An Amazon delivery van parked in front of the company’s headquarters and Amazon Go store in Seattle in July 2021. (GeekWire Photo / Kurt Schlosser)

Investors will be paying close attention to Amazon’s cloud business growth and any updates to the company’s AI strategy on Thursday after the release of its third quarter earnings report.

Investor sentiment for Amazon is “mixed,” according to a report from Wedbush last week. In addition to AWS and AI, the company could also be facing retail margin pressure due to rising oil prices and is dealing with ongoing competition from Chinese companies such as Temu and TIkTok Shop, Wedbush said in its report.

The company’s stock has underperformed the larger market and other mega-cap tech names since its second quarter results.

Amazon has been in cost-cutting mode for much of the past year, including thousands of layoffs and tightening of its fulfillment network.

The company is also scrambling to demonstrate momentum in generative artificial intelligence in Amazon Web Services and across its business in recent months, seeking to counter the perception that it has fallen behind in the AI technology race.

Last month Amazon said it would invest up to $4 billion in Anthropic, the San Francisco-based artificial intelligence company founded two years ago by former OpenAI executives and considered one of the world’s top AI labs.

AWS revenue growth rates have dropped for three consecutive quarters, and fell to 12% in the second quarter.
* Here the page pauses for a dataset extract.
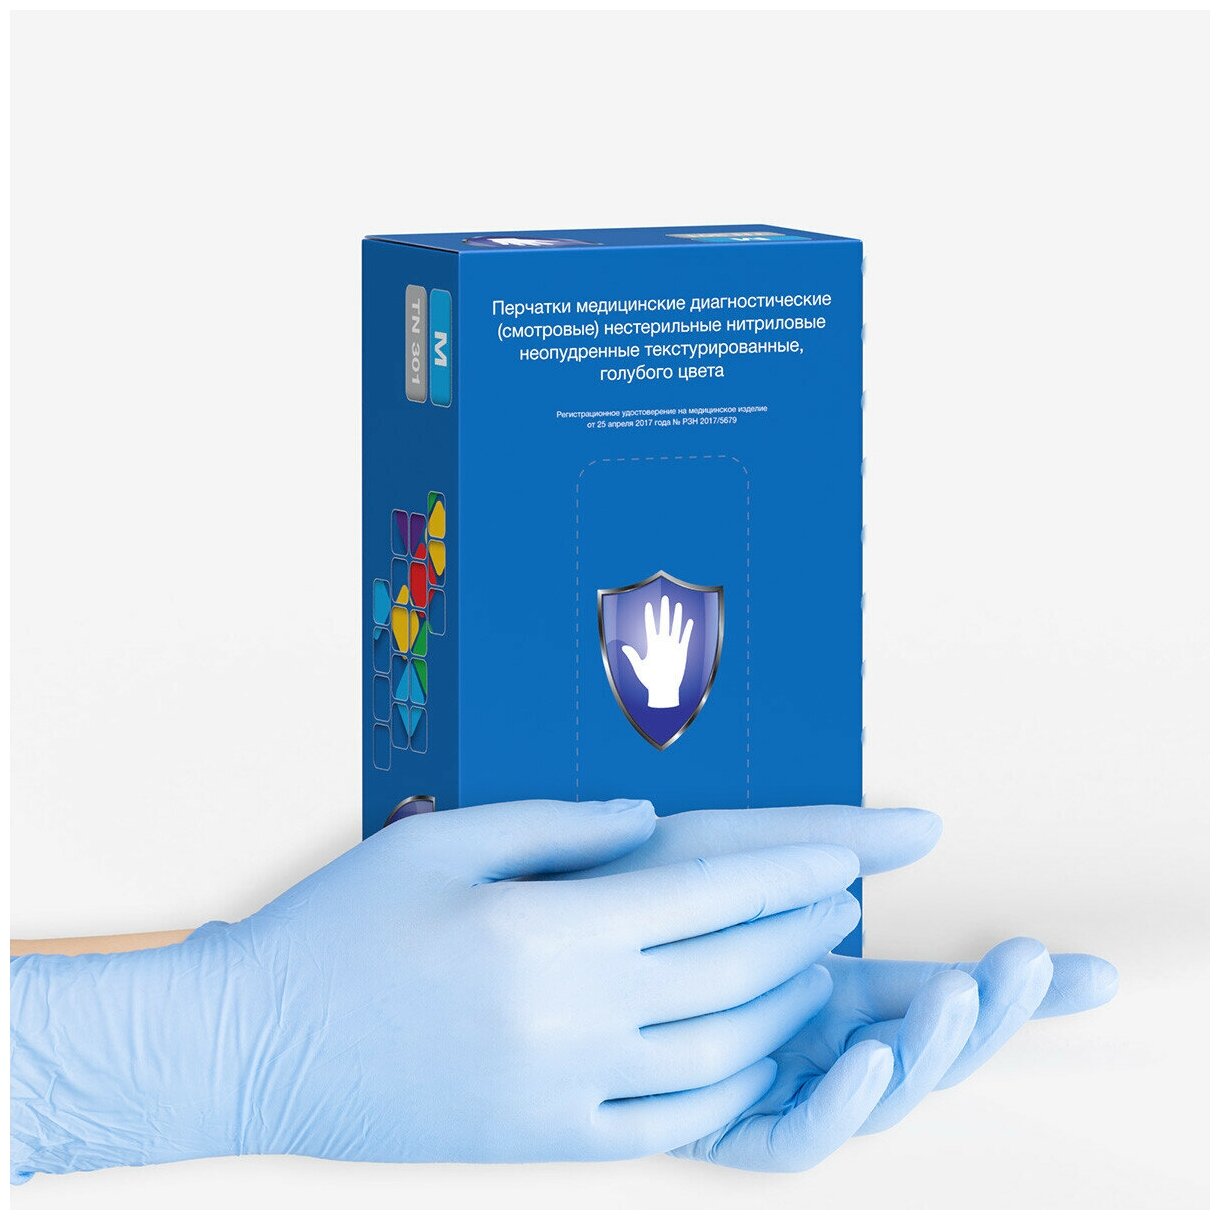 Перчатки нитриловые Safe&Care TN 301, цвет: голубой, размер XL, 200 шт. (100 пар)

Amazon execs told investors after the second quarter earnings that the rate had stabilized and expressed optimism for more spend spurred by the generative AI fervor.
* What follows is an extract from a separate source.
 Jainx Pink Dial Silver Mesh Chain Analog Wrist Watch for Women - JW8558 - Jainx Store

Amazon also continues to face regulatory challenges, with the pending outcome of the FTC lawsuit filed last month.

The company’s stock tanked a year ago after it gave lower than expected holiday guidance.

Some surveys and forecasts show that U.S. consumers plan to spend less on holiday shopping this year amid persistent inflation.

Analysts expect third quarter revenue of $141.5 billion and earnings per share of $0.58, compared to revenue of $127.1 billion and EPS of $0.28 in the year-ago quarter.

Earlier this week, Microsoft topped expectations for its quarterly results, with increased cloud revenue foreshadowing strong interest in its artificial intelligence products.

Alphabet, meanwhile, missed expectations for its cloud business.

Editor’s note: Analyst expectations for the third quarter were updated.